Summary:

[qi:004] T-Mobile service experienced a hiccup yesterday evening that left some 2 million users without service, and the usual rush of tweets and news stories followed the outage. On Monday night Rackspace, which provides managed hosting and cloud services, also experienced problems that took some customers […]

[qi:004] T-Mobile service experienced a hiccup yesterday evening that left some 2 million users without service, and the usual rush of tweets and news stories followed the outage. On Monday night Rackspace, which provides managed hosting and cloud services, also experienced problems that took some customers out for hours. The interesting things here are the difference in how both firms handled it and how much publicity each event garnered.

As of last count, a Google search returned more than 250 articles dealing with the T-Mobile outage while there were only 11 articles on Rackspace’s outage, even though it affected popular sites like TechCrunch, Daily Booth and Posterous. The higher visibility of the T-Mobile outage is likely a result of how consumer-oriented the service is. So the first lesson is, if you are a consumer-facing service, you need to have your PR people on the blog, Twitter, newspaper circuit offering statements and remedies quickly.

The second lesson can be found in how the events were handled. When it came to handling the outage, T-Mobile issued fairly regular updates but hasn’t yet provided any insight into what happened. In an age of transparency, this doesn’t go over well. Meanwhile, Rackspace has a very detailed status page that offers actual information on what went wrong and what it’s doing to fix it. Additionally, Rackspace offered actual people for its customers to call.

Other enterprise-focused services should take a lesson from Rackspace, especially when it comes to delivering cloud services. Take Google for instance; during a July App Engine platform outage, I got several emails from people who were frustrated that Google didn’t give them much information on the problem. One of those emails (I’m keeping the person’s name out of this as he is dependent on Google to host some of his information) noted: “I think the time is appropriate for a real critique of the offering, and force them to answer publicly about what they’re doing to fix whatever architectural flaw is knocking the service down every 2 or 3 weeks.”

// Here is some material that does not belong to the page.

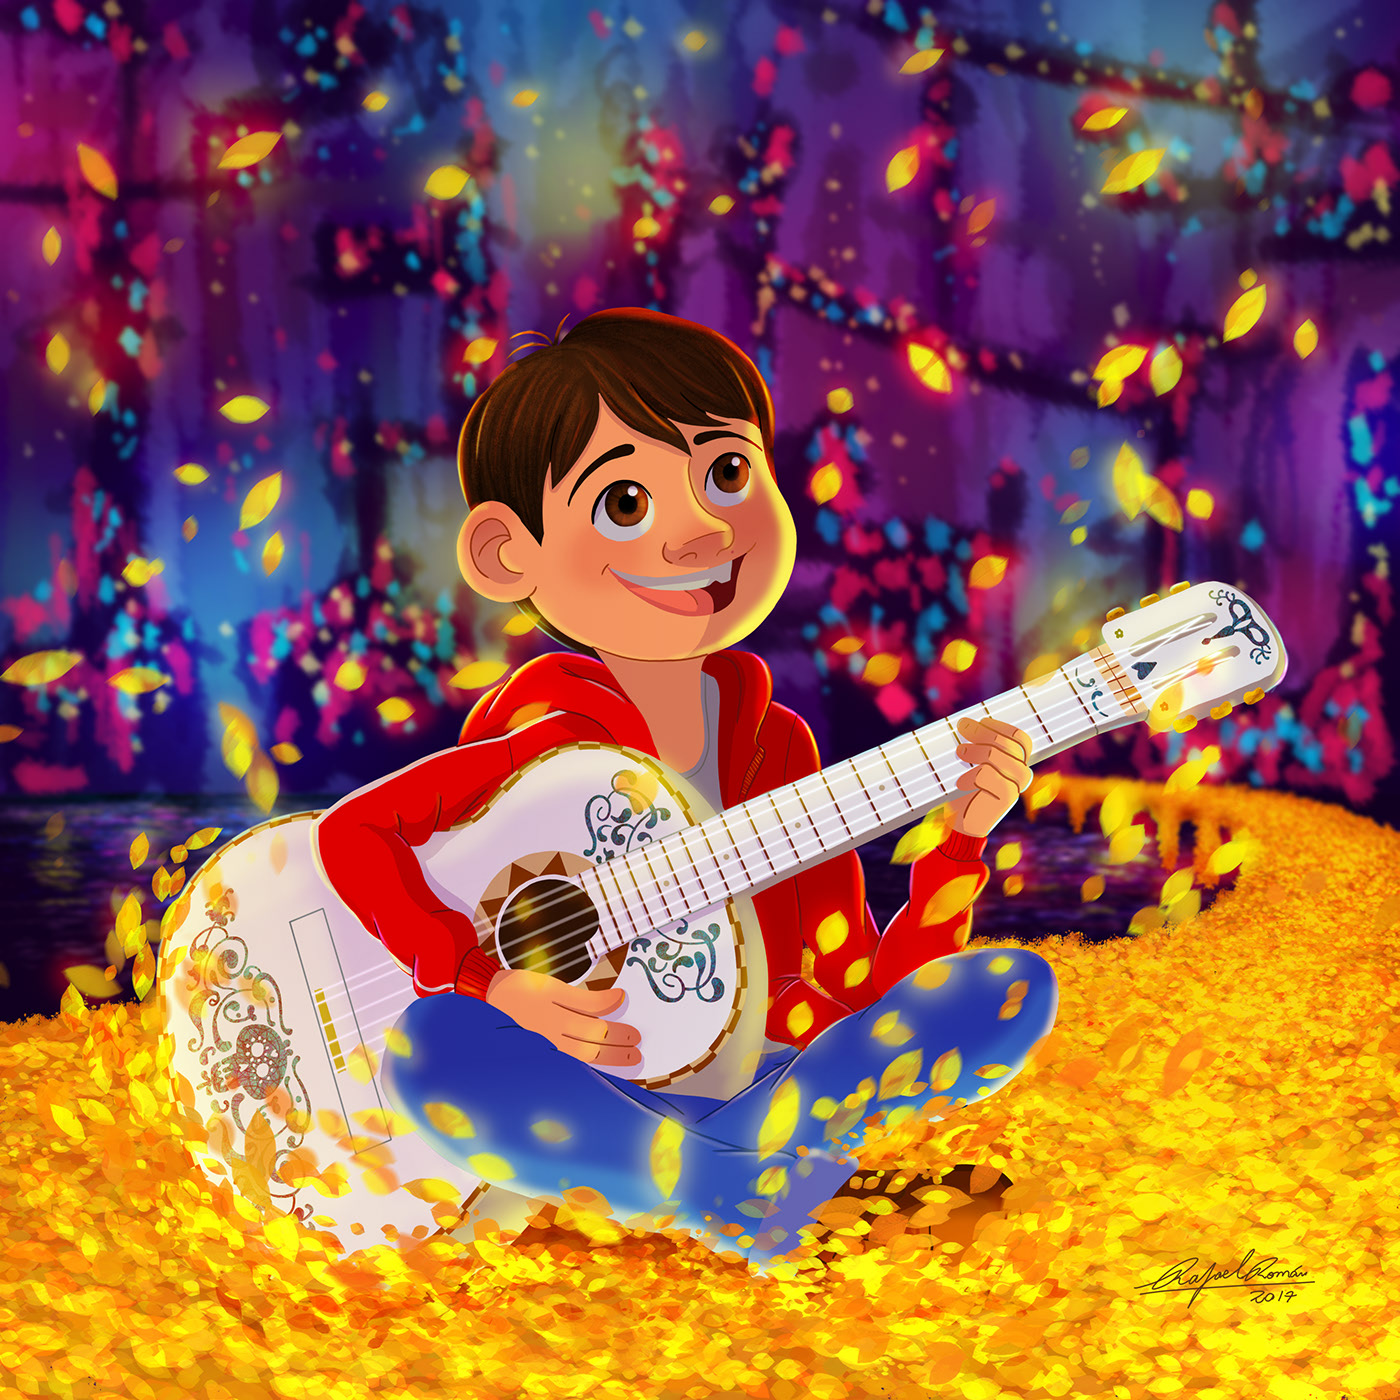 Coco disney pixar guitar dia de los muertos mexico fanart ILLUSTRATION adob...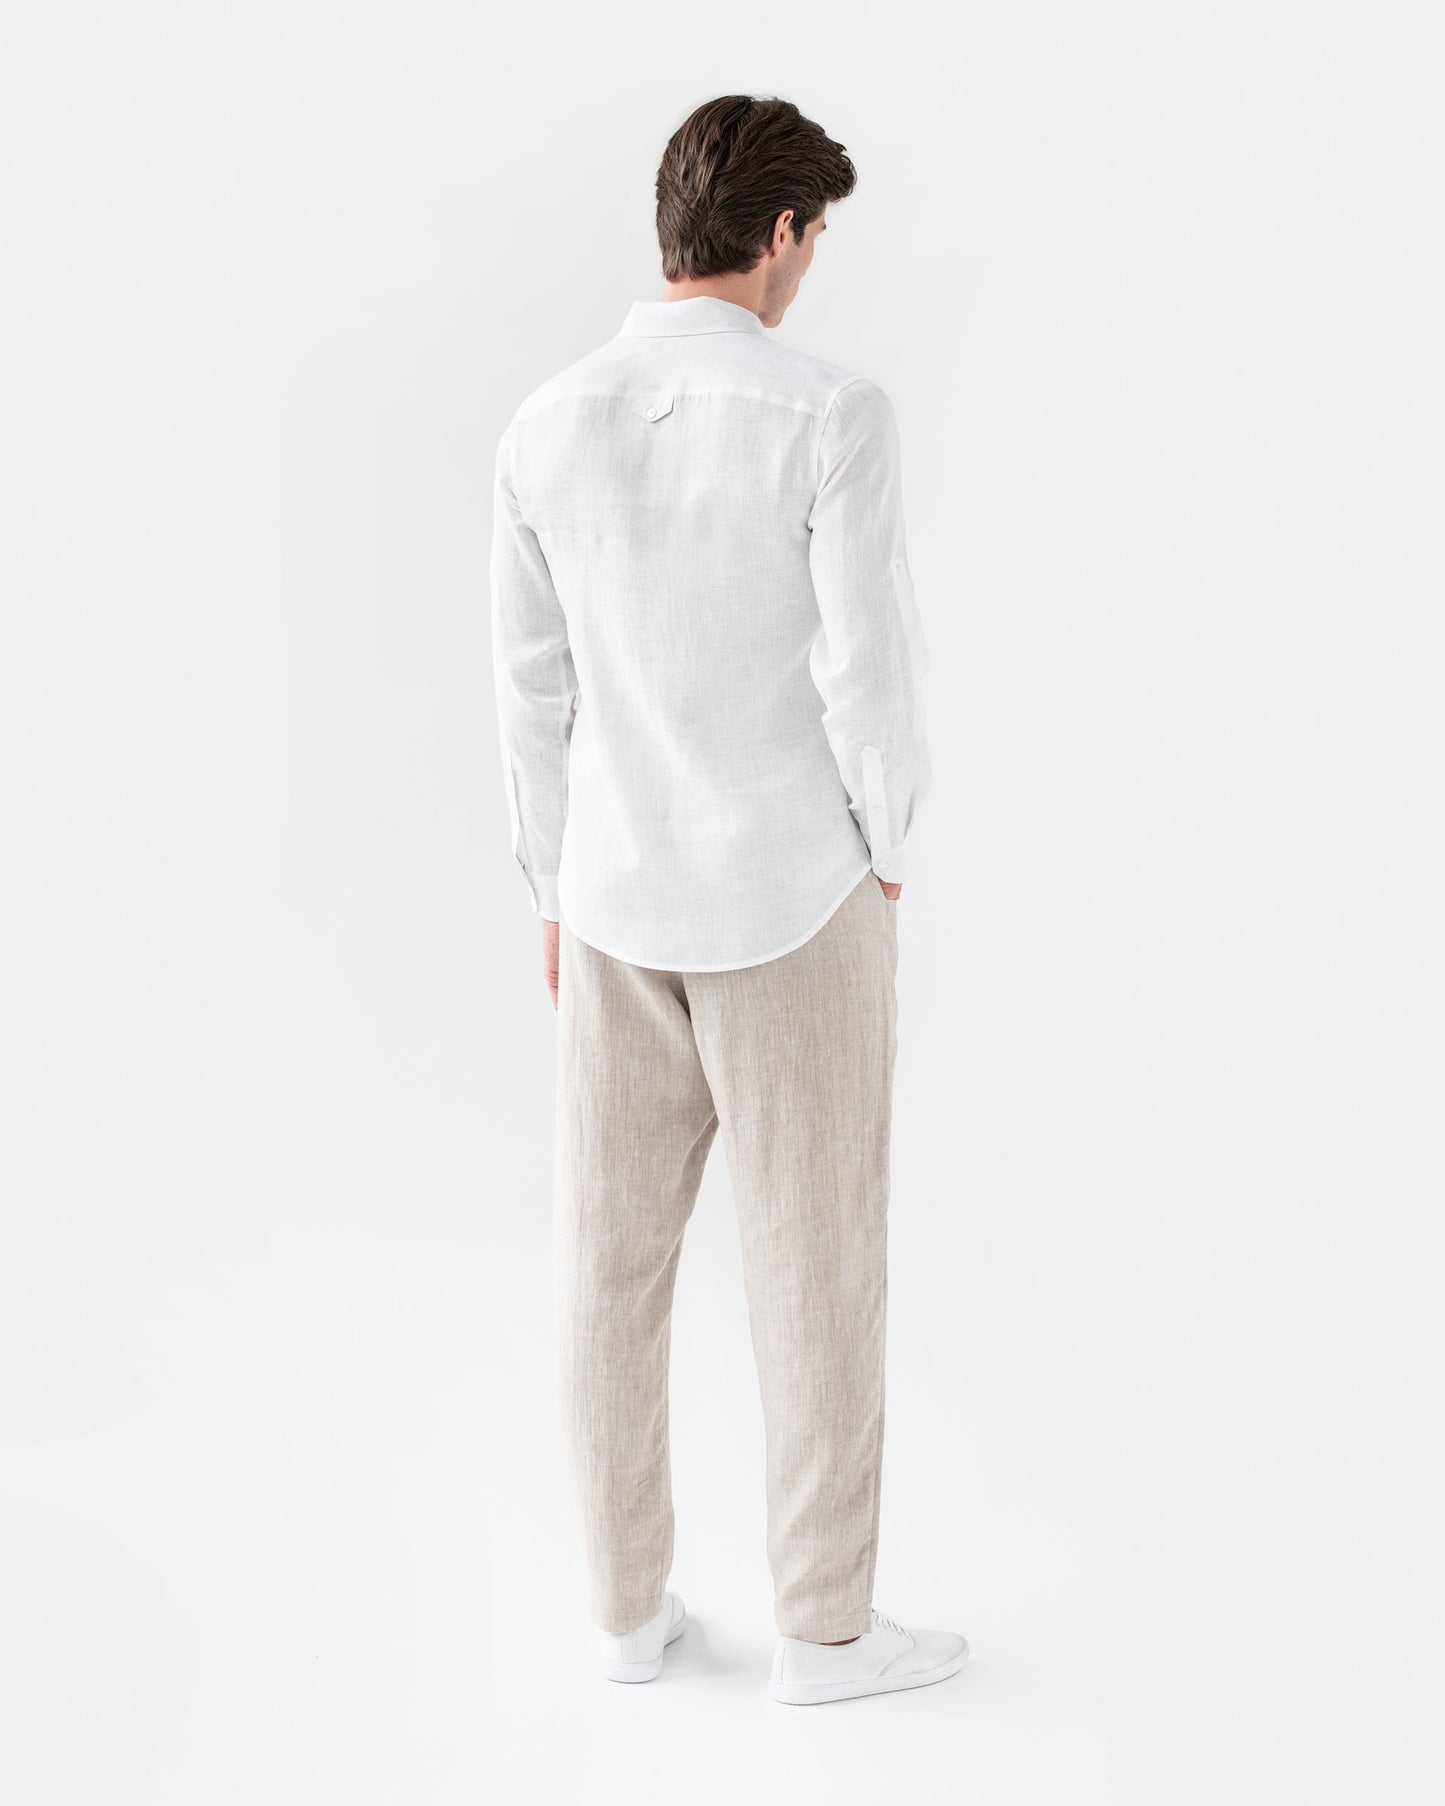 Men's linen shirt CORONADO in white - MagicLinen

Google’s stoplight metric (which offers only “no issues, investigating or service disruption”), paired with intermittent, vague blog posts, isn’t likely to cut it for long. If Google wants to play in the enterprise with its cloud platforms and services, it’s going to have to have people on hand to offer real customer service (something I’m not sure Google ever does — although, when Om complained about Gmail, a media relations person did get us someone on the phone) and provide better updates.

Last week, I chatted with Steven Cakebread, the former CFO of Saleforce.com, about service level agreements for demand computing and platforms as a service for the enterprise. In our conversation, he said that, until there’s more competition, Google and Amazon won’t have a huge incentive to explain outages in detail or get people on the job of explaining and holding customer’s hands during outages. So I suppose it’s a good thing IBM, Savvis, Rackspace, Terremark and others are all crowding into this space.